Marge and some friends put out a couple of concrete birdbaths using cement to affix them in amongst the rocks. They blended in so well as to be almost invisible.

Then she and others would fill the dishes with fresh water, and put out some food too, for the squirrels and the birds.

Some in town frowned on the gesture and someone actually smashed the birdbaths with a sledgehammer. That set Marge off on a firestorm, with her paying a visit on the Harbor Department to express her displeasure. One should never mess with animal lovers.

A truce was reached and a new birdbath was installed and the practice resumed, until Marge’s death a few years ago. So while Marge is gone, the birdbath has apparently survived, no doubt filling with rainwater but otherwise unattended until Regina stumbled onto it.

“I got a 3-gallon bottle of water and a brand new toilet brush and I started filling it up every other day and then every day,” she says.

That kind of devotion to wildlife living at the edges of civilization in what can be a pretty inhospitable environment is also not new. 

For many years, several people cared for the large colonies of feral cats that had been abandoned over the years at Morro Rock, left to fend for themselves, even as they bred out of control.

The feral cats were divided up into three distinct populations — grays, blacks and Siamese — each staking out territory in different areas of the Rock’s 34-acre base, making homes amongst the poison oak bushes and tumbled boulders.

Eventually, State Parks, which owns Morro Rock as part of Morro Bay State Park, decided the feral cats had to go.

Volunteers with Homeless Animal Rescue Team in Cambria and the folks who’d been caring for them got together and trapped every feral cat on Morro Rock in a campaign that took months.

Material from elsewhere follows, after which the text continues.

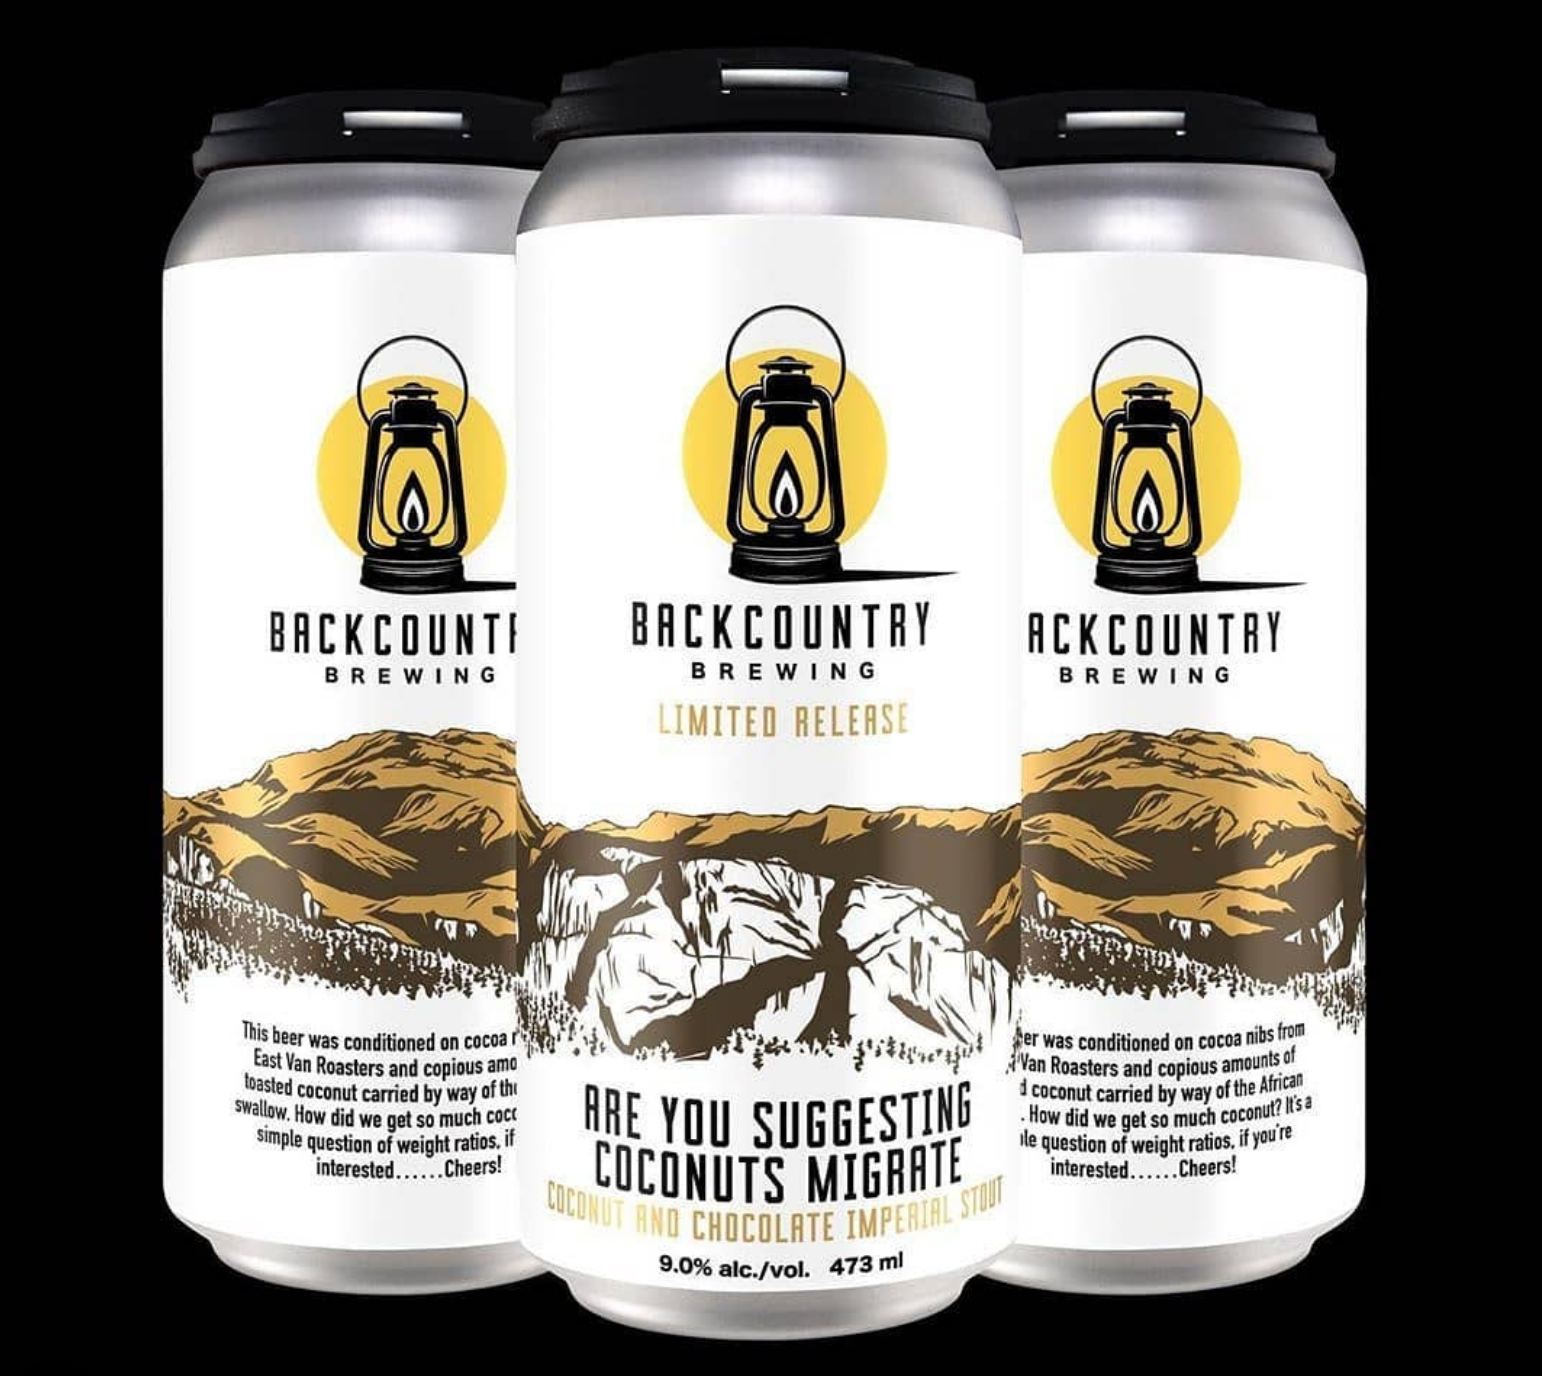 Are You Suggesting Coconuts Migrate? by Backcountry Brewing

All were spayed and neutered and many were tamed down and released on area ranches as mouse-catchers; while others were adopted by the public. And a few had to be put down due to illness.

They successfully removed a significant, invasive predator that had decimated the native wildlife — from songbirds to potato bugs — and did it in a humane manner. It wasn’t long before songbirds returned to Morro Rock and the ecosystem was restored.

Regina, who is planning to return to Las Vegas, bought a small sign that she installed at the birdbath asking people to pour some water into the bowl to help the animals. 

She also started a Facebook Page, see: www.facebook.com/groups/375610191039747 where volunteers for the “Morro Rock Bird Bath Brigade” — as she’s dubbed it — can coordinate their efforts and share photos of wildlife at what’s becoming a true watering hole, used by all of the Rock’s denizens. She says a recent vacation opened her eyes upon her return.

“I went to Paris November 6th through the 16th,” she says. “I came back and that thing was dust dry and full of sand, and I felt so bad.”

She’s hoping that enough people will volunteer to mind the watering bowl that she can have some peace of mind that her beloved wildlife are being cared for, even if in just a small way.

It should be noted, that authorities frown on people feeding birds and squirrels “people food” — from Fritos to French fries — as it isn’t good for the animals and can lead to the critters losing their fear of man, a survival instinct.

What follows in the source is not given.